### Work to complete
Return, exactly and with nothing added, the line with "OPI Soft Shades" together with all lines after it through the end of the data below. No pictures belong in the copy.

### Data section
--------------------------------

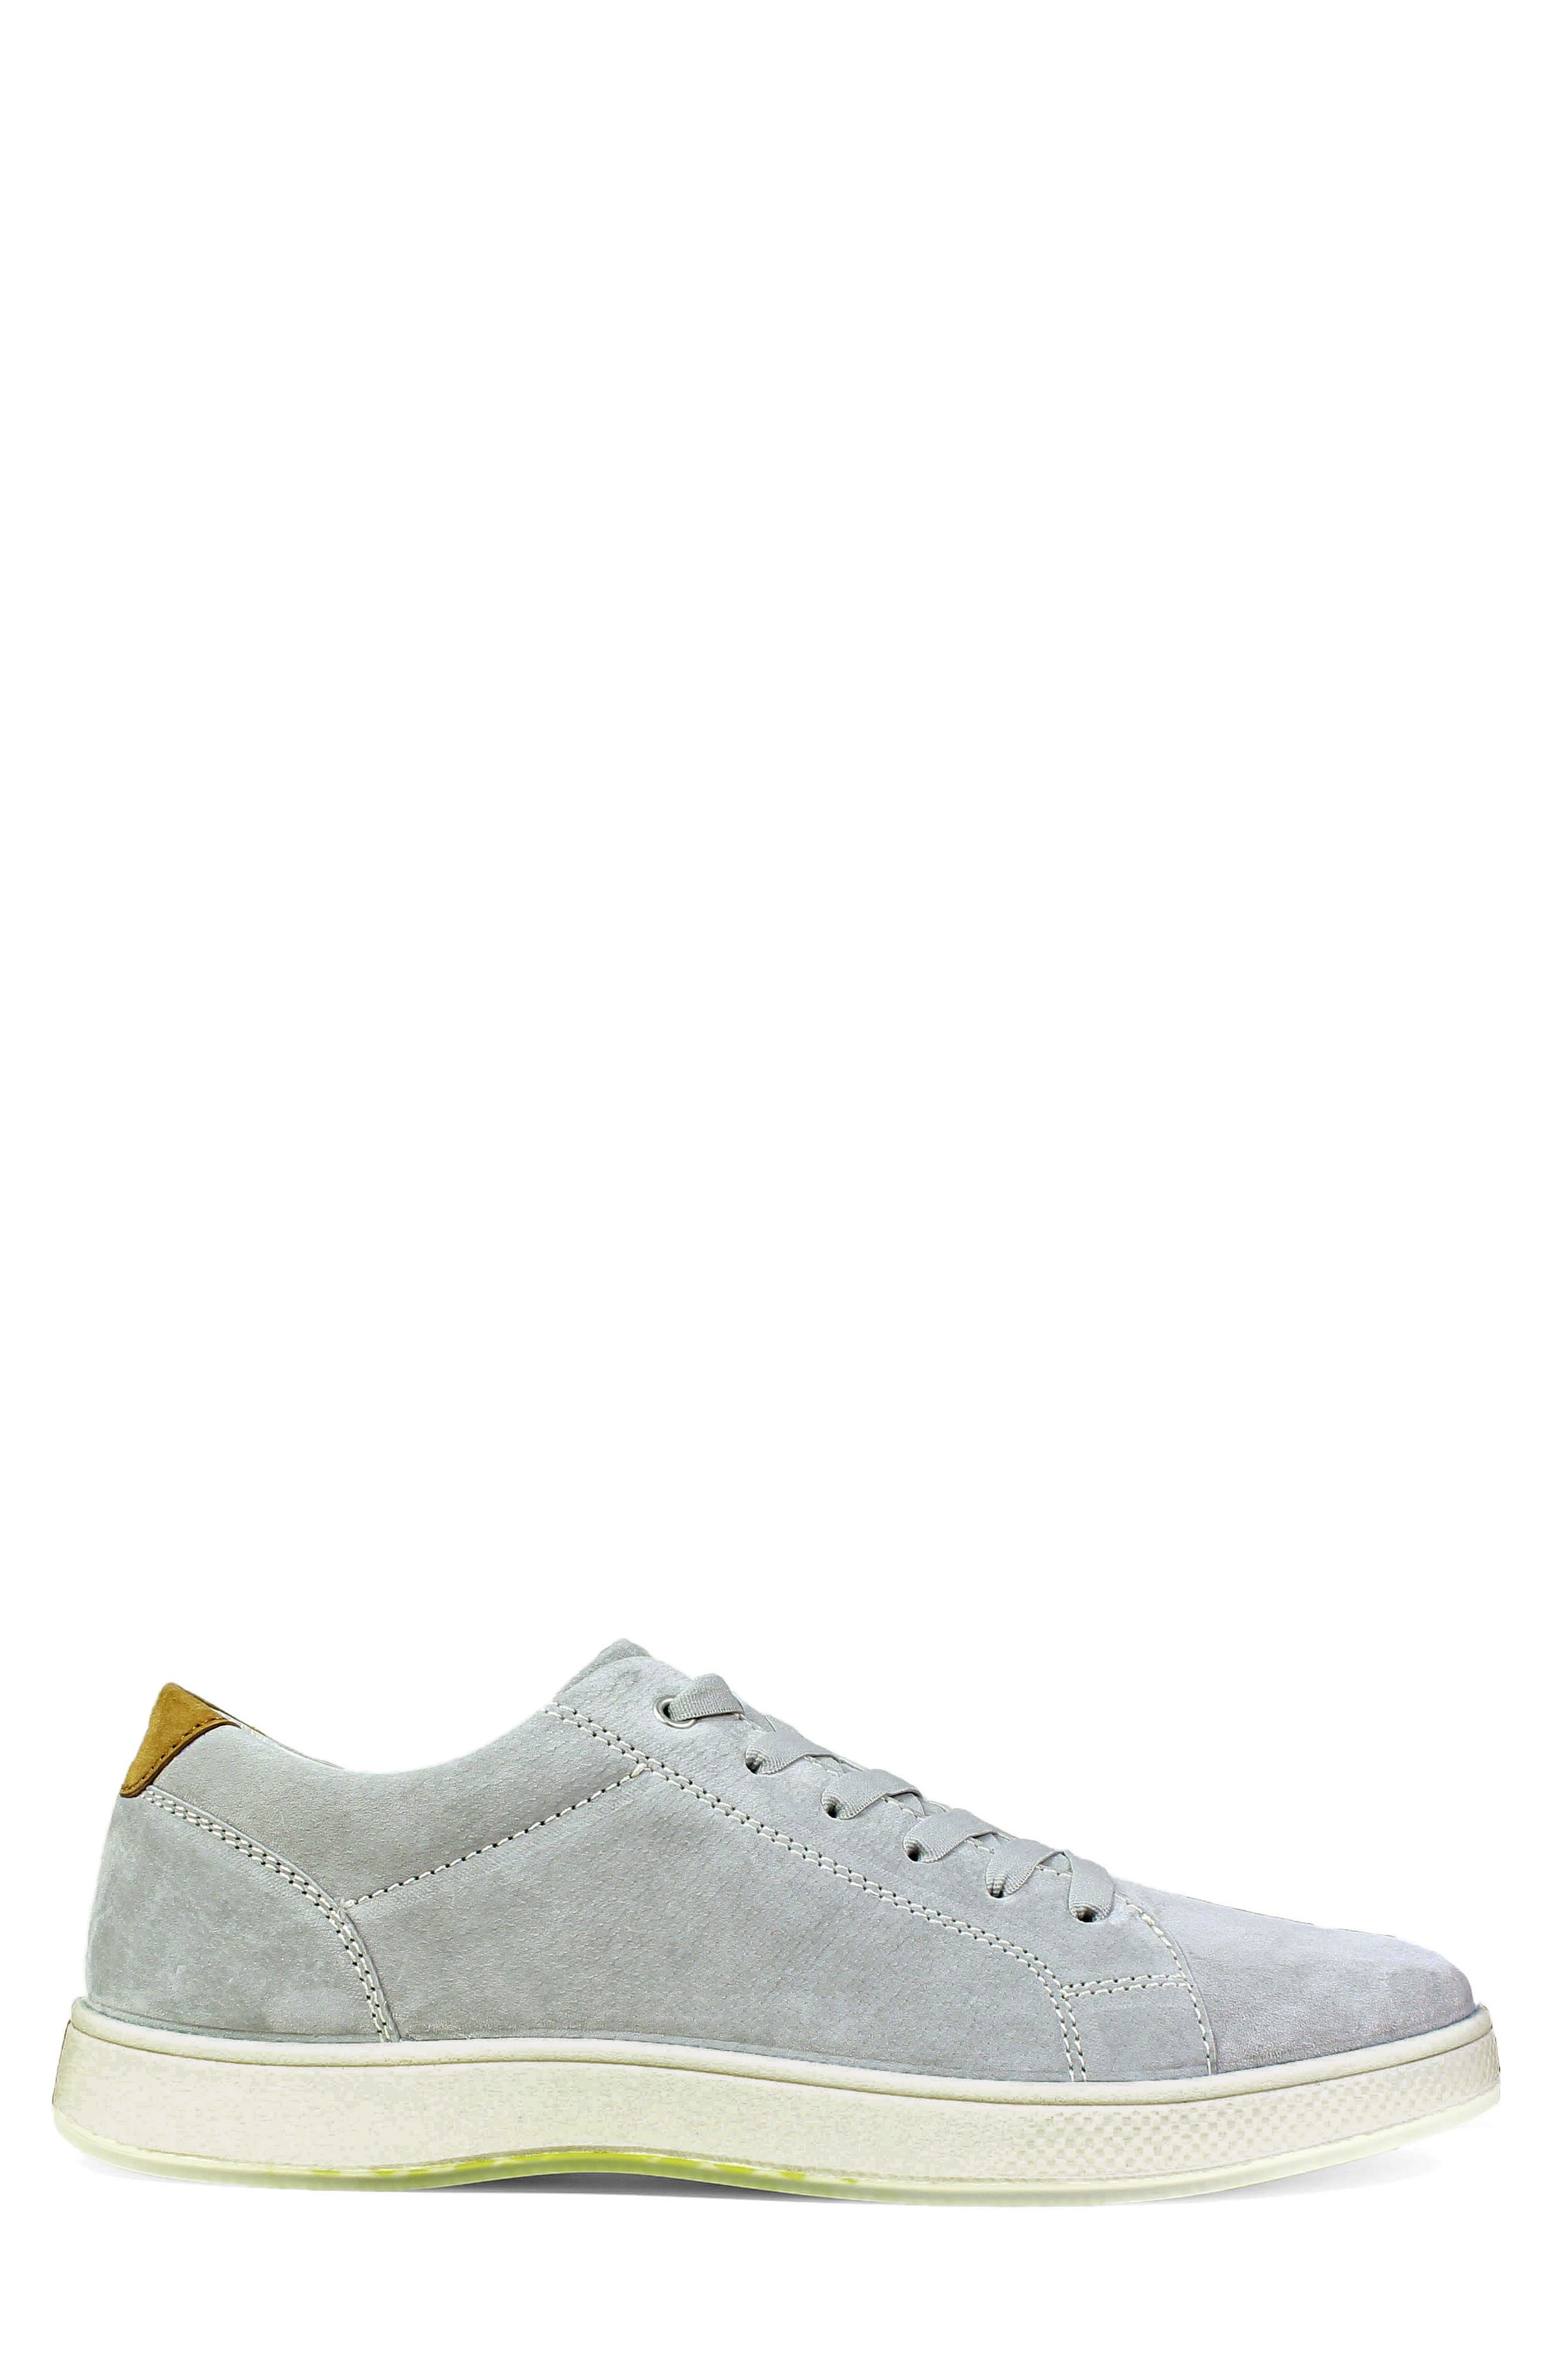 Alternate Image 3  - Florsheim Edge Low Top Sneaker (Men)
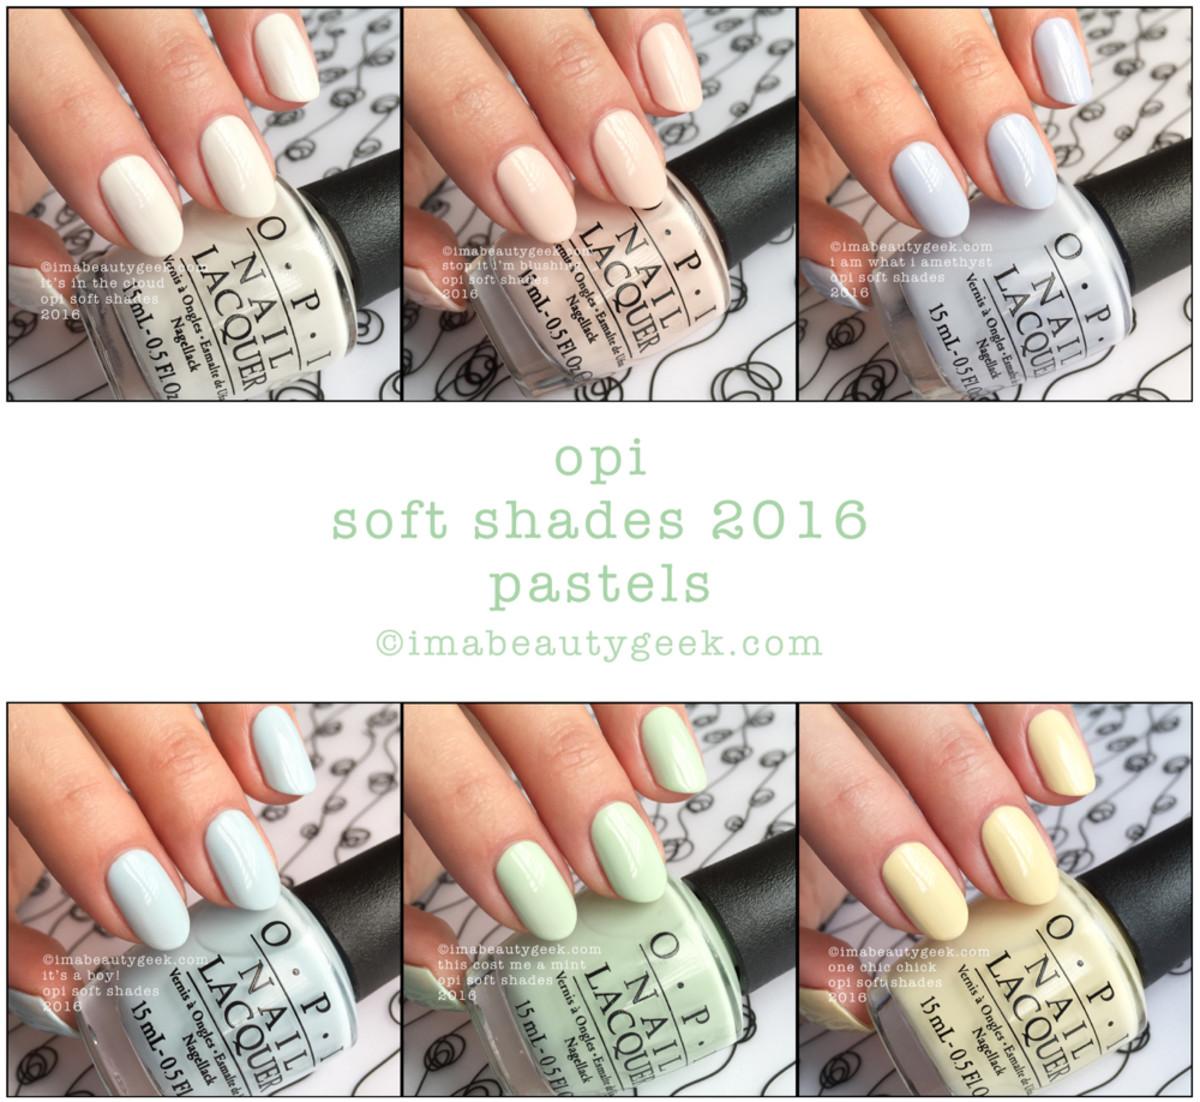 OPI Soft Shades 2016 Beautygeeks Composite - Version 2
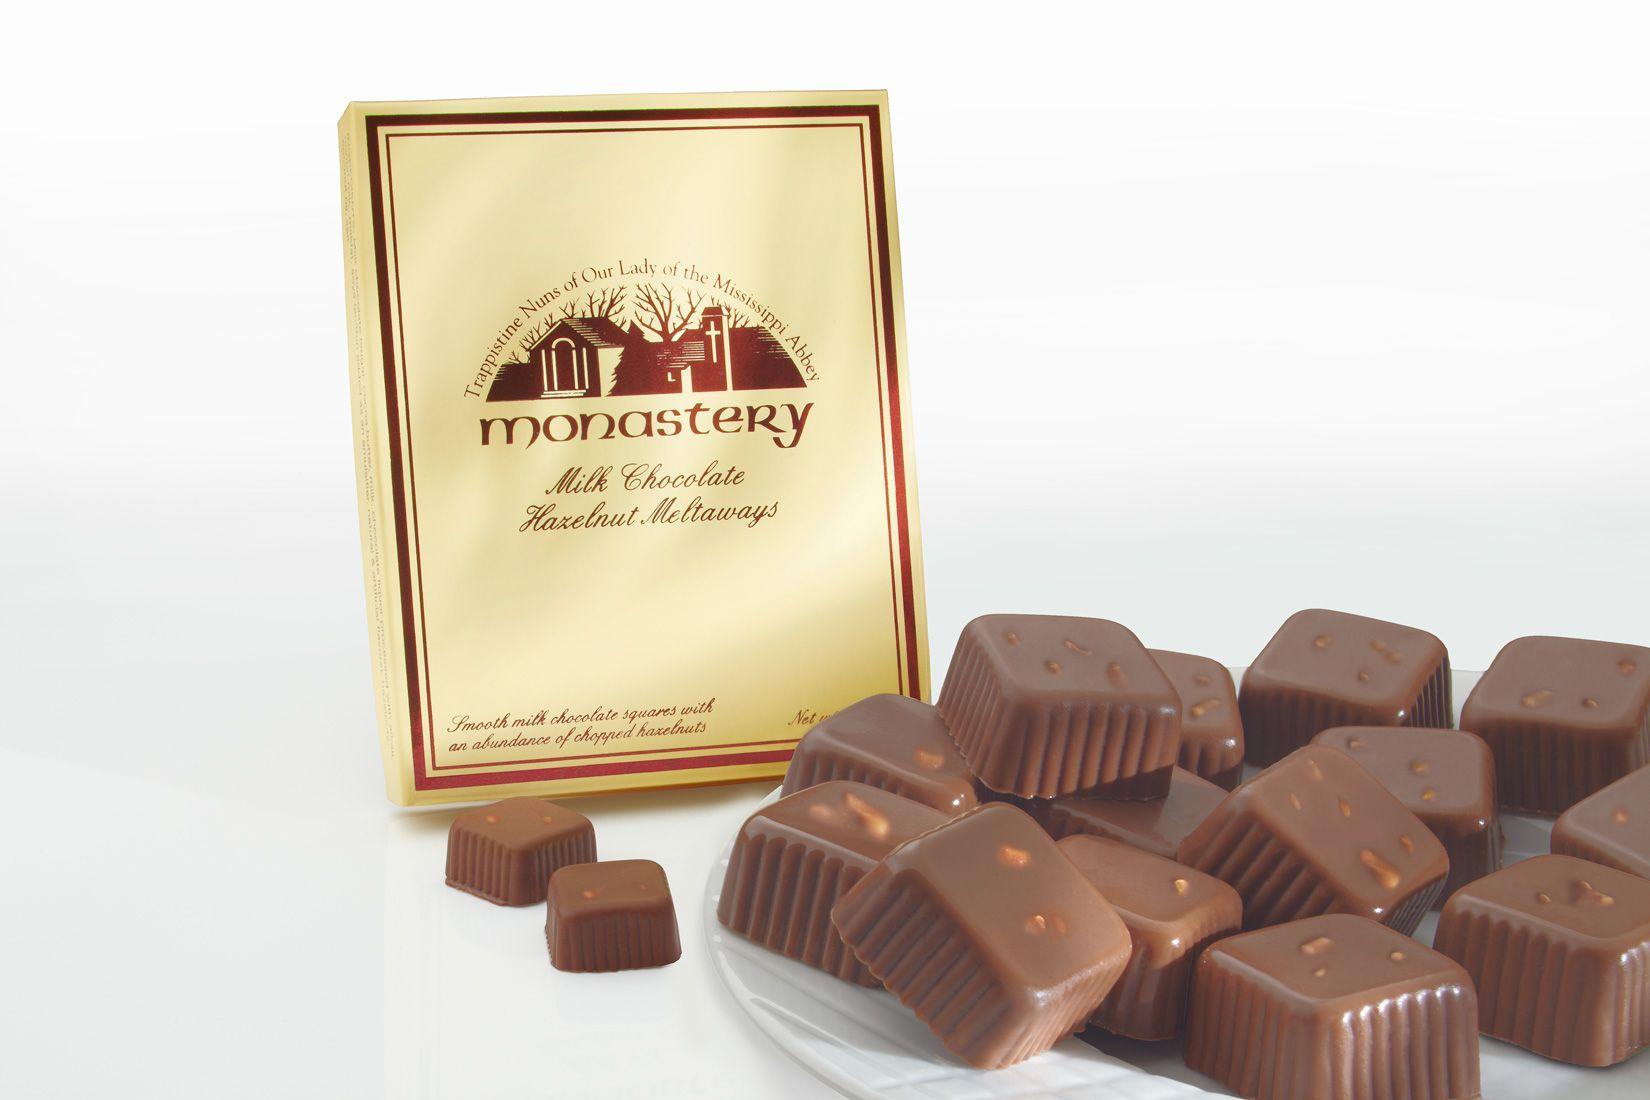 Monastery milk chocolate hazelnut meltaways food photography

--------------------------------

### Task output
 OPI Soft Shades 2016 Beautygeeks Composite - Version 2
 Monastery milk chocolate hazelnut meltaways food photography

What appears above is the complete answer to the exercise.